Una de las preguntas que nos hacemos a la hora de elegir una caldera es la duración que tendrá la misma, cambiarla no sólo será una inversión importante también implica un cierto trastorno en nuestra vida.

Por norma general decimos que una caldera tiene una vida útil de unos 10 años, sin embargo, si le damos el cuidado adecuado puede extenderse un poco, a veces hasta llegar a los 15 años sin necesidad de realizar un cambio.

¿Qué  puede influir en la duración de nuestra caldera?

El primer punto que resaltaríamos sería un buen mantenimiento y revisiones periódicas no sólo del funcionamiento de la caldera, también de la instalación de la misma, siempre a cargo de personal cualificado. Recordemos que cumplir con las revisiones no sólo alargará la vida de tu dispositivo, también está requerido por la ley para garantizar la seguridad.

Un nivel de agua constante y suficiente que evite el sobrecalentamiento de la caldera.

Un diseño correcto del circuito que nos garantice una presión apropiada del mismo.

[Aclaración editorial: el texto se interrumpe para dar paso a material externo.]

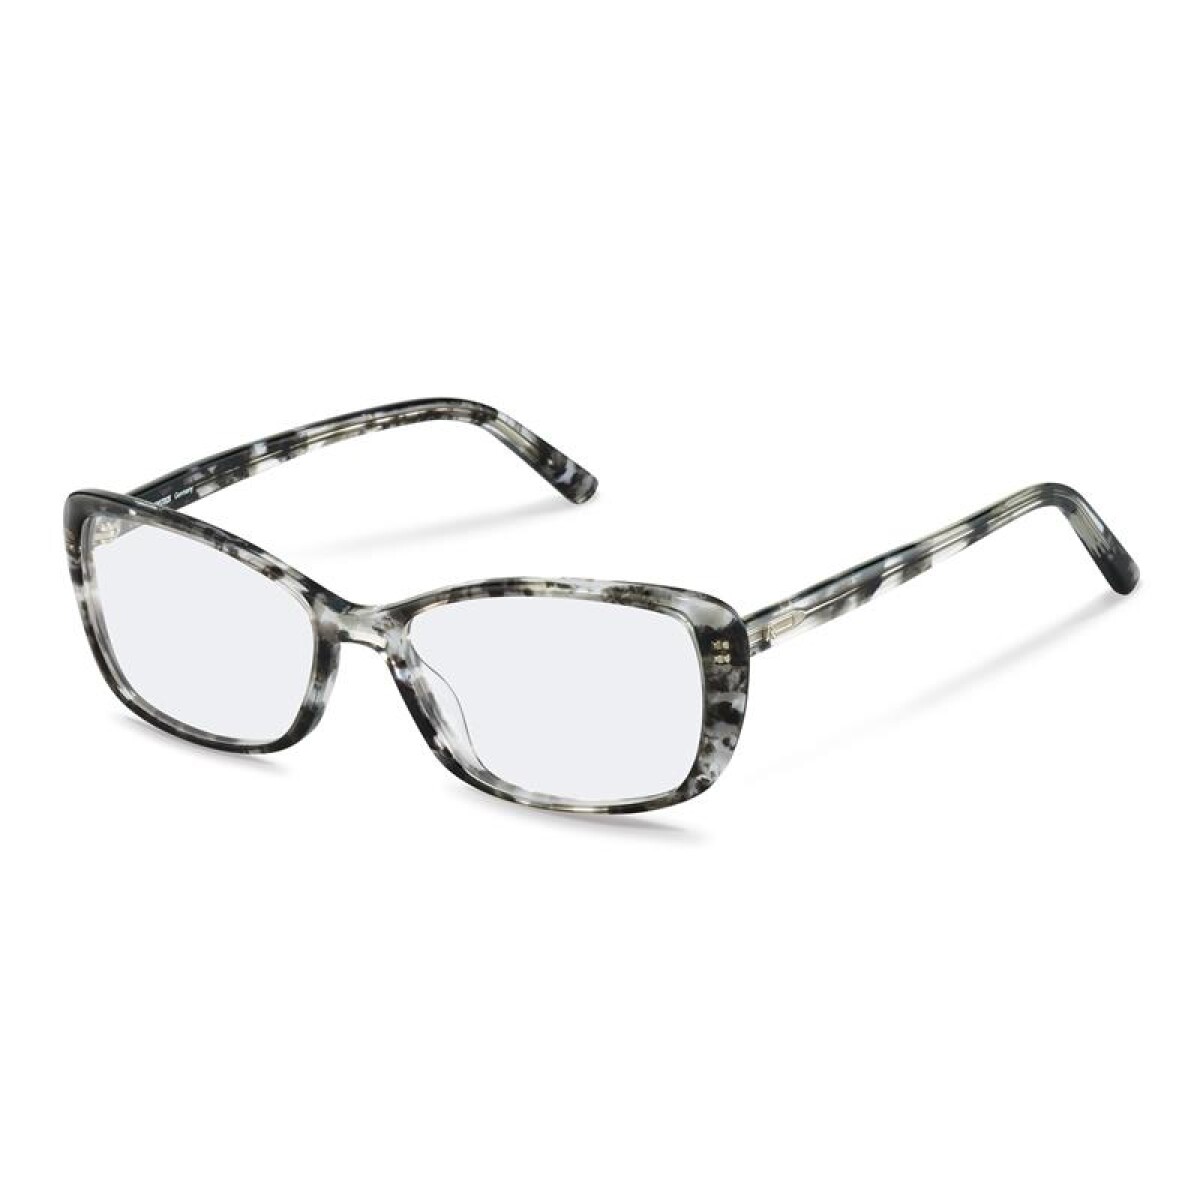 Rodenstock 5332 - A

Cuando hay problemas de presurización en el circuito se generan fugas que tienen como consecuencia que nuestra caldera deba realizar un trabajo extra que nos pasará factura con el tiempo.

Recordemos que una instalación inicial realizada por un profesional es primordial para garantizarnos un buen funcionamiento de la misma a largo plazo.

Teniendo en cuenta estos puntos, ¿cómo sabemos que es hora de cambiar nuestra caldera?

Podemos guiarnos por una serie de indicadores que nos guíen antes de tomar la decisión de hacer el cambio, nombremos los más importantes:

  • Nuestra caldera tiene más de 10 o 15 años, aunque hemos visto que es un punto flexible a tener en cuenta, si nuestra caldera supera estos años de vida útil, lo normal es que si fallan el resto de los indicadores nuestra mejor solución sea realizar un cambio. Tengamos en cuenta que con los años la tecnología siempre hace mejoras que nos garantizan no sólo mayor seguridad, también un consumo más eficiente.
  • Nuestras averías son cada vez más recurrentes, el mecanismo en general empieza a fallar y probablemente sea más sensato invertir en un aparato nuevo que en las reparaciones constantes que nos vemos obligados a hacer.
  • Uno de los indicadores más obvios es la dificultad para conseguir y mantener la temperatura deseada, este factor suele estar vinculado con un mayor consumo. Recordemos que una calificación energética menor de A está directamente relacionado con un bajo rendimiento.

A la hora de aclarar dudas tu mejor opción es siempre recurrir a un técnico cualificado que pueda garantizarte una revisión adecuada y segura.